Below you will find some of Peaceworks’ thoughts as to how to address this. We also welcome your feedback on this. And, of course, please feel free to share this.


Waste Minimization: The Climate Imperative.

The City of Columbia has made a commitment to address the existential threat represented by climate change. To do this, we—as a city and as individuals—need to reduce greenhouse gas (GHG) emissions by one-half this decade and work to get to zero emissions as soon as possible. Waste minimization has a major role to play in allowing us to meet this necessary goal.

While many are eager to debate roll carts vs. trash bags, too few Columbians today are addressing the climate implications of our solid waste choices, despite the fact that the City Council, in adopting the Climate Action and Adaptation Plan (CAAP), recognized the necessity of considering the climate implications of all policy decisions.

As the North Carolina Dept. of Environmental Quality shares via their website: “Greenhouse gas emissions (GHGs) are embodied in the materials and products we use every day – our food, clothes, cell phones and computers, purchases and packaging, the materials used to build our homes. Extracting raw materials to make new products uses large amounts of energy, which comes from burning fossil fuels. Energy produced from the combustion of fossil fuels releases carbon dioxide and other GHGs that cause climate change into the atmosphere. 

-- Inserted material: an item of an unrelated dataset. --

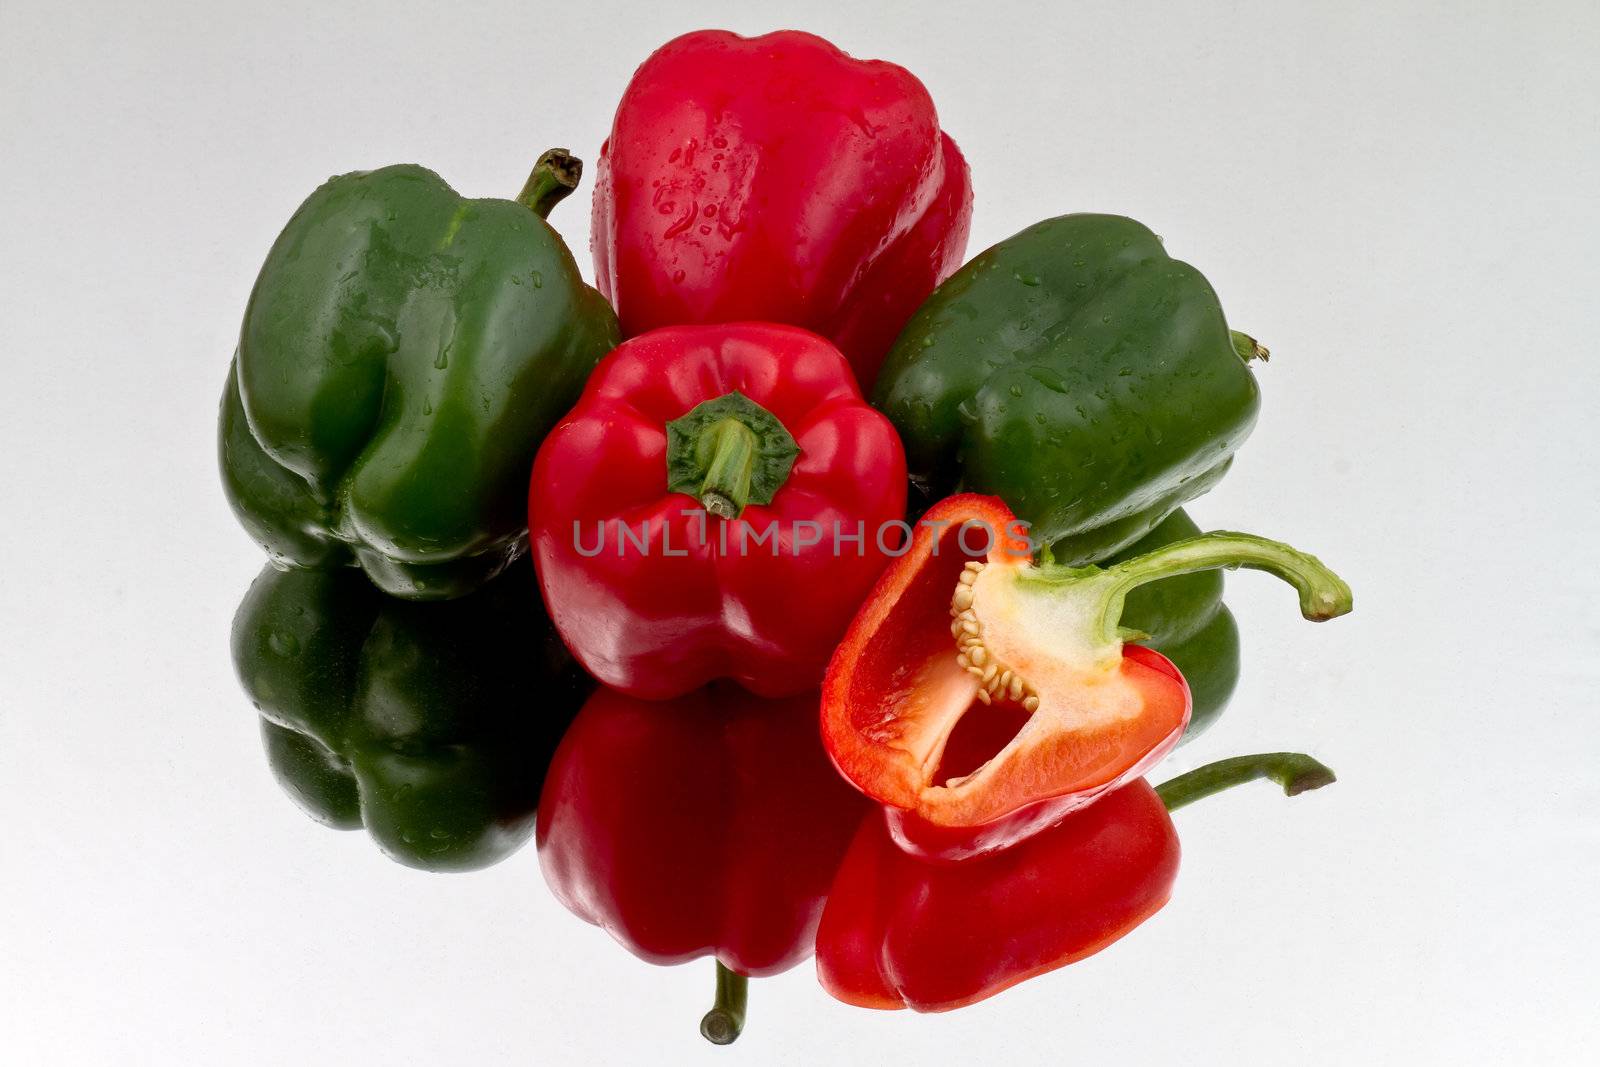 Red and green bell peppers on reflective bacground by lavsen

“The U.S. Environmental Protection Agency has estimated that 42 percent of total U.S. GHG emissions are associated with materials management through the provision of goods and food produced in the United States. Reducing consumption, recycling, and composting leads to significant reductions in GHG emissions.”

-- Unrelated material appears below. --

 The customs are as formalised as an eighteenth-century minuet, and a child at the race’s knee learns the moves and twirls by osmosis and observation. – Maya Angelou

Regarding the issue at hand, Peaceworks is not currently taking a position on roll carts vs. trash bags on the curb. Rather, we are urging the City to embrace a set of policies that ensures that, whatever plan Columbia ends up adopting, will incorporate incentives to reduce waste generation and to increase diversion through promoting re-thinking, reuse, repurposing, recycling and composting.

A critical component of such a plan is Pay As You Throw (PAYT). Whatever plan we adopt must require those who generate more waste to pay more, which is consistent with what we do for electricity, water, sewage, gas, etc. Just as we meter these other utilities, we need a system that charges more to those who are sending more to the landfill. Or looked at another way, rewards those who make the effort to divert as much as possible of what’s currently going to the landfill. This can be done through not buying these so-called “disposable” items or their packaging in the first place or through reusing and repurposing things currently being sent to the landfill, or through recycling and composting.

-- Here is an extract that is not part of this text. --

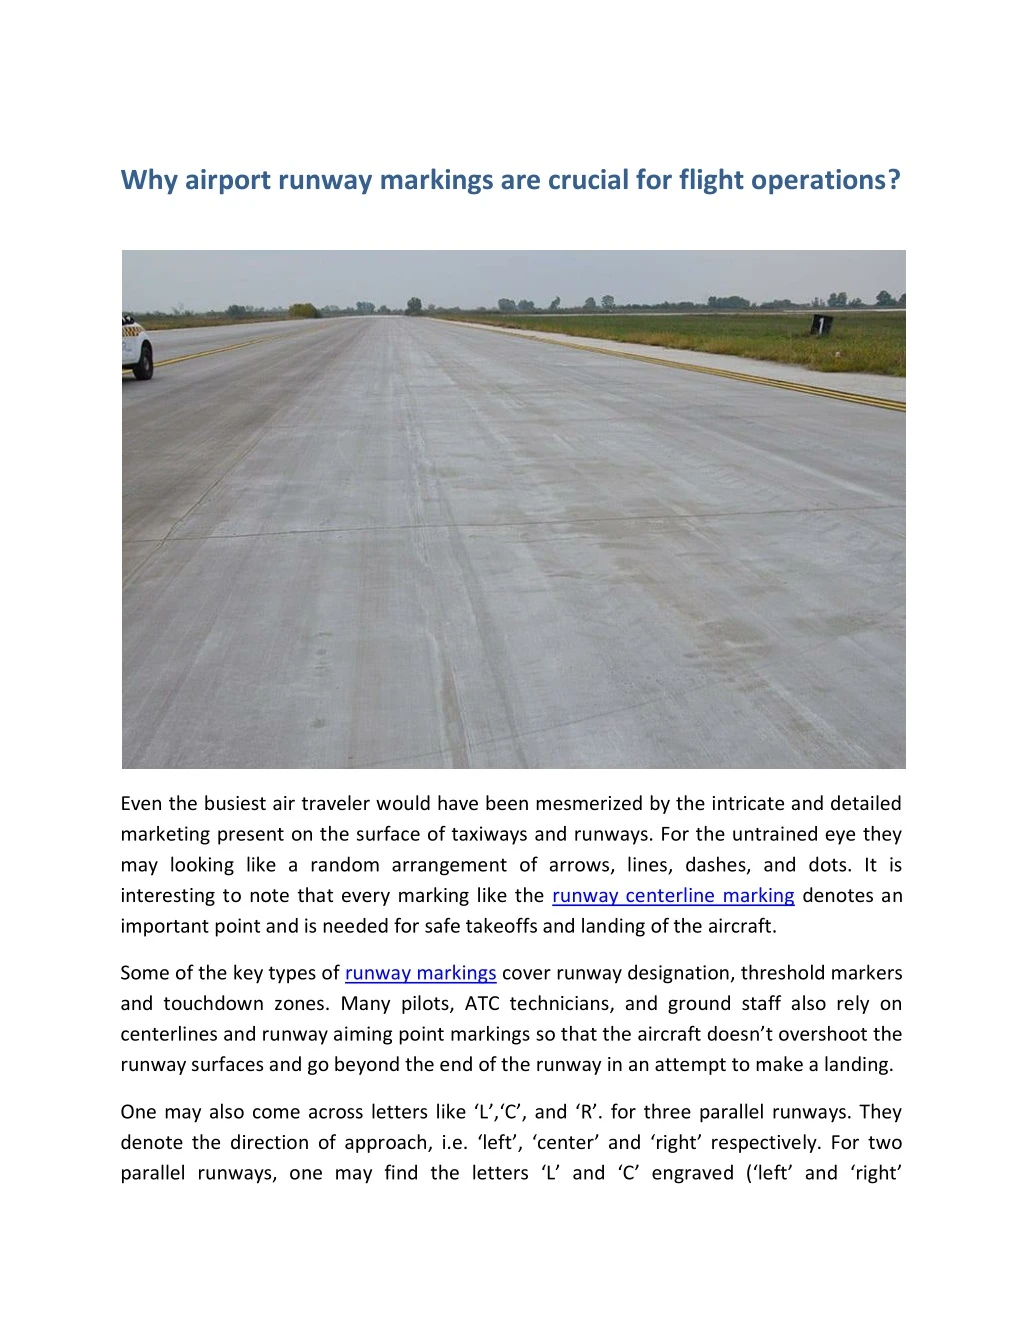 why airport runway markings are crucial

Whatever means of refuse collection the City adopts needs to be seen as just one part of the solution to waste problems. The plan must be complemented by a city-wide educational effort to raise awareness as to the urgent need for all of us to reduce our contribution to what gets landfilled. The failure to lay all this out contributed to the failure to support the logo-bag modified PAYT system.

We need to explain to our fellow residents not just the mechanics of the system, but also the rationale for waste minimization. This effort needs to go beyond just articles in City Source or social media posts and emails from the Office of Sustainability, as important as these are. We need to reach out through houses of worship, through our children’s schools, through neighborhood associations, through our colleges and the University, and through other community groups and events. Outreach tables at public gatherings and festivals reach many who otherwise are not being reached.

Just as the attack on Pearl Harbor at the beginning of World War II united the country in a recognition of the existential threat the country was facing, and led to the embrace of many changes that impacted our entire society (including the wartime need to recycle), so today we must recognize the threat to our lives and those of our progeny, and take action to address the threat.

The fact that the city is likely embarking on a new system for waste collection provides an excellent opportunity to reach out to all our fellow residents and make them more aware of the nature of the Climate Emergency we are facing and explaining some of the solutions. We, at Peaceworks, are hopeful that our community will rise to the challenge and take effective action, setting an example for neighboring communities to emulate.